Positive Thinking: Ignore the Trolls if You Want Success

When I first announced to my friends and family that I was determined to become self-employed, living the writing life, I was approximately 13 years old.

I’ll never forget my father’s reaction to my dream of becoming a published novelist.  A nuclear physicist with a PhD, my father has always based his decisions upon what he describes as “reality”—in other words, those things that are physically evident and therefore, can be safely cataloged as fact. 

Positive thinking, in my father’s opinion, makes one “feel good,” but positive thinking has no quantifiable impact on accomplishment.  My father, who was raised on the Puritan Work Ethic, insists that hard work and self-sacrifice are the keys to success, and that positive thought is merely imagination—the “mumbo jumbo” of the New Thought Movement.

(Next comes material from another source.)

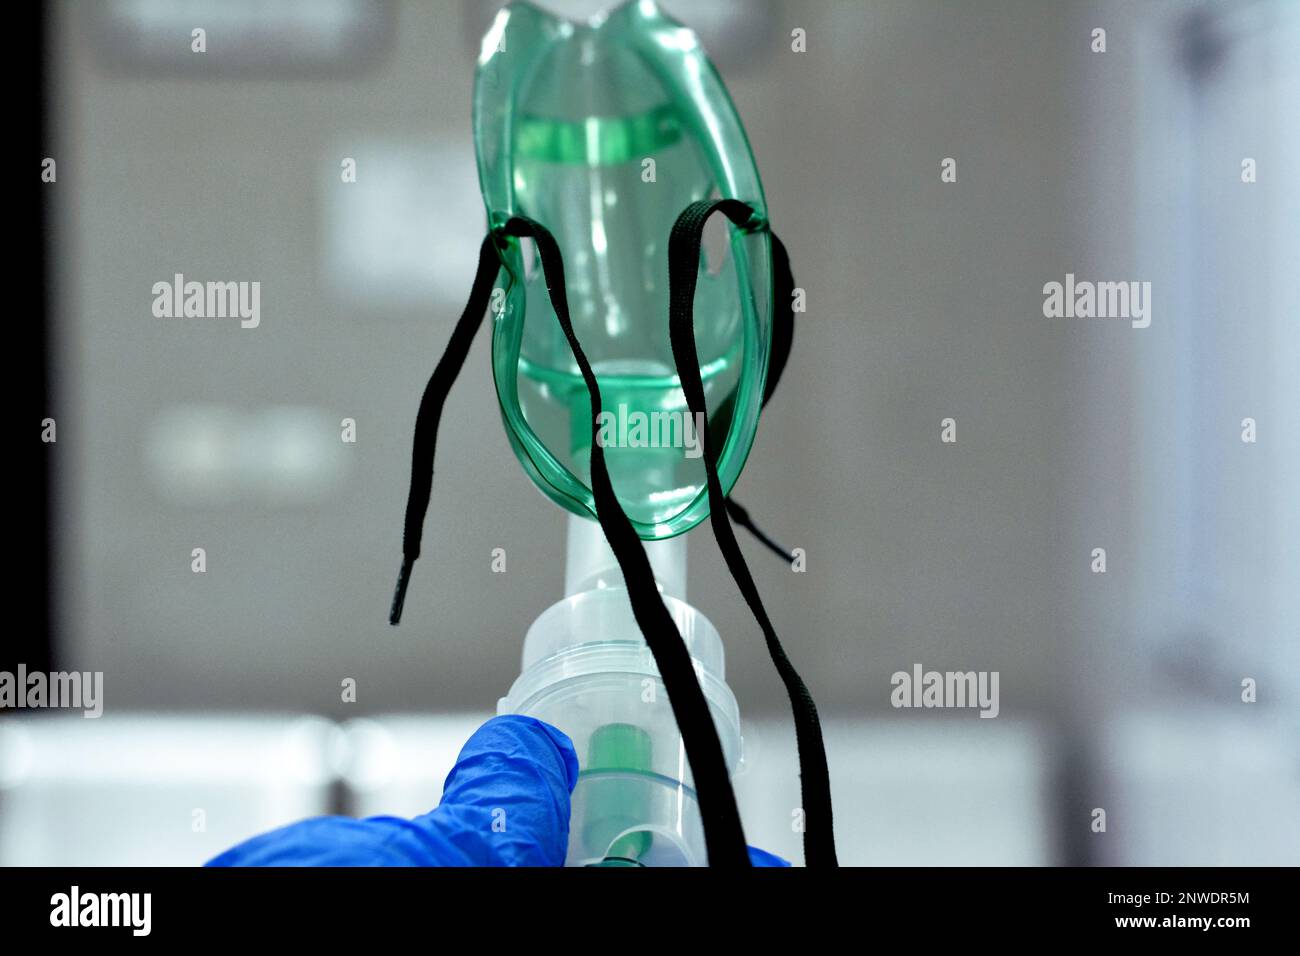 Un nebulizzatore o maschera nebulizzatore che è collegato a una bombola di ossigeno o a un dispositivo di somministrazione del farmaco utilizzato per somministrare un farmaco sotto forma di inalazione di nebbia Foto Stock
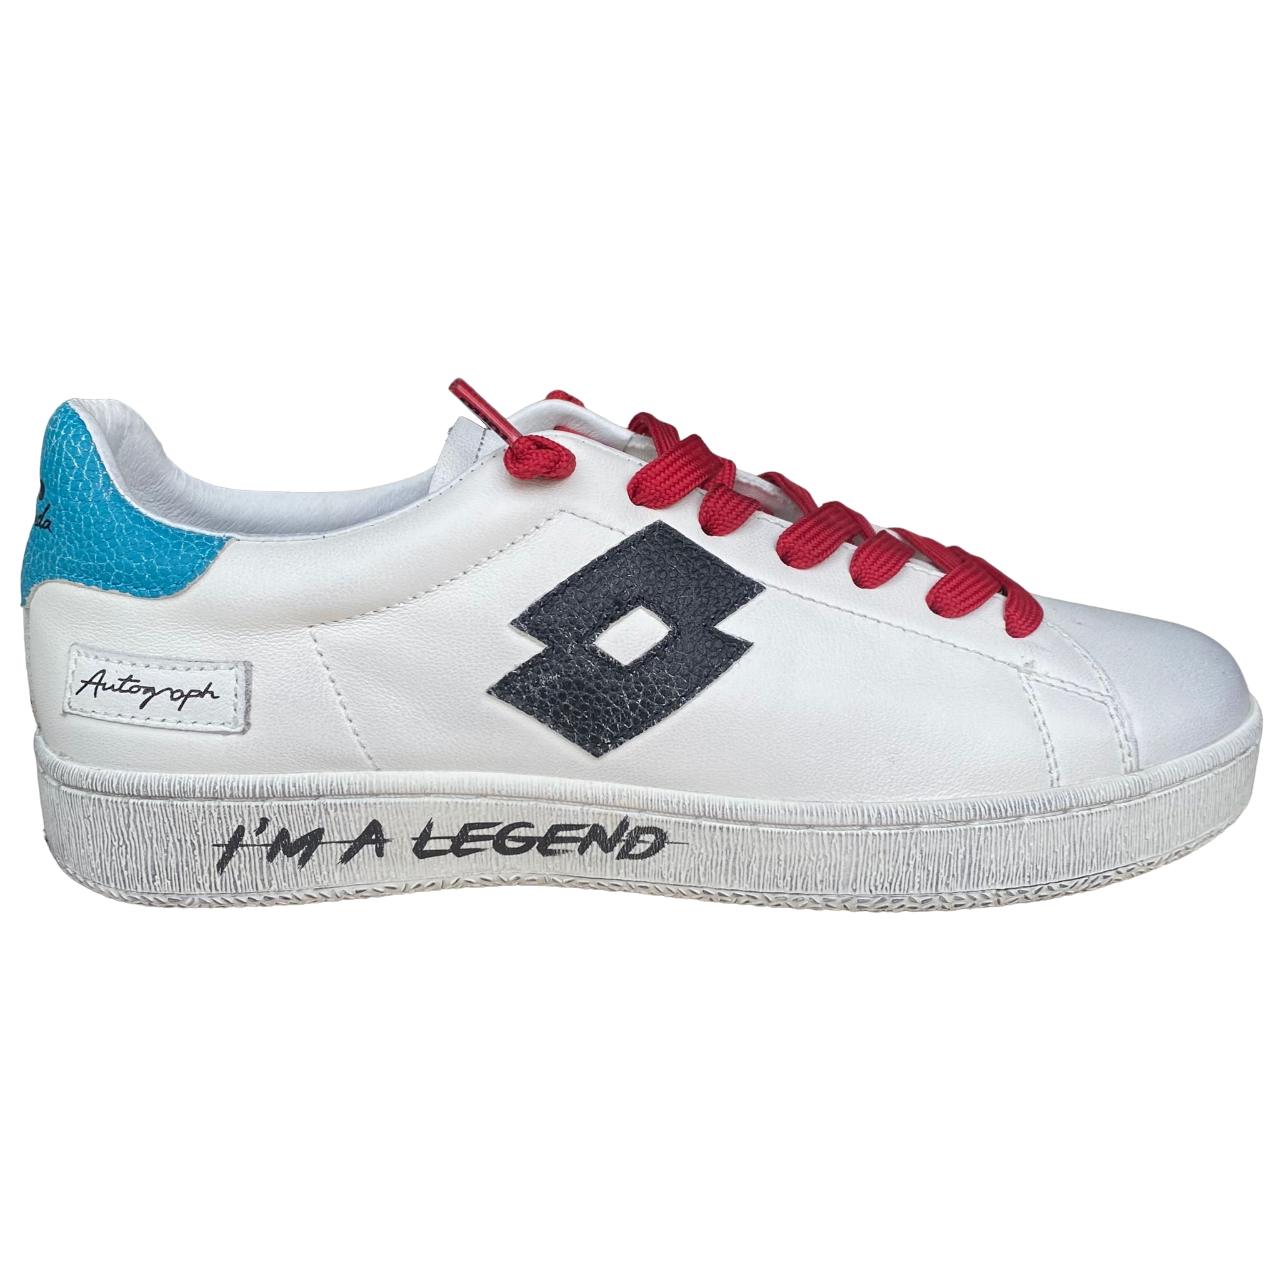 Lotto scarpa sneakers da uomo in pelle Autograph Legend 219568 AJW bianco-nero-blu

About a week after I professed my ambition to become a published novelist, my ever-practical father returned home from work and handed me an IRS document. This document reported the average salaries of the most popular professions.  At the top of the list were the highest paying jobs; at the bottom of the list were the lowest paying ones. 

Without saying a word, my father pointed to the last entry in the report. “Writer” was listed as earning 7 cents per hour. 

The year was roughly 1975.


May all your dreams come true:  

even the ones the Trolls laughed at!


Since that time, I’ve met writers who are happy and successful. They’re focused on the New Thought Movement rather than the Puritan Work Ethic. With their encouragement, I began studying the Universal Law of Attraction and the power of positive thinking, reading such ground-breaking books as Think and Grow Rich by Napoleon Hill; You Can Heal Your Life by Louise L. Hay; Creative Visualization by Shakti Gawain, and You Can’t Afford the Luxury of a Negative Thought by Peter McWilliams. (See links, below)

As I educated myself in the New Thought Movement, I began to accept that the Puritan Work Ethic was not only making me miserable, it was limiting my ability to create the writing life that I’d always dreamed of. I came to believe that if hard work was the only criteria for accomplishing my writing goals, then I would have been a New York Times Bestseller by the age of 21. 

Still, something was missing. My goals were slow in coming even through I was focusing my Imagaination, practicing creative visualization, and engaging in positive thinking.

Last year, I met a man—a healer—who has performed miracles in public venues. He teaches his students (from heads of state, to professional athletes, to Hollywood celebrities, to authors like me) to consciously and deliberately focus the power of Imagination upon what they want, as opposed to what they don’t want. Whether we choose to embrace the concept or not, he says, our minds are powerful magnets. What we focus upon is attracted into our lives.  

He goes one step further, though. He has the courage to talk about the often unseen experience of “energy,” the subtle vibrations that exist in all animate and inanimate matter, even though many people aren’t sensitive enough, or aware enough, of such subtleties to recognize this energy in action.

As my healer friend and I were talking about the power of positive thinking and the Law of Attraction, he pointed out that if one always focuses upon what is physically evident (“the facts”), or if one accepts an existing circumstance as immutable (“reality”), then change cannot occur.  Healing and prosperity cannot be achieved.  Dreams cannot be made real.

“No one has more experience than a Writer at imagining a Reality into existence,” my friend encouraged me. “Believe what you want into form. Do it by taking action. Just one small step every day.” 

My healer friend has shown me that my positive thinking does change my personal energy.  That my positive thinking activates the Law of Attraction. That it brings me the opportunities that eluded me earlier in my writing life. 

Now the rest is up to me. Do I choose to recognize the new opportunity, or do I choose to use my Imagination in a negative way, letting fear blind me? Do I take action, or do I revert to the limiting beliefs that did not serve me earlier in my writing life?

It’s never to late to live your dreams! Get inspired! Focus your mind on positive outcomes! Allow your positive thinking to activate the Law of Attraction in your life.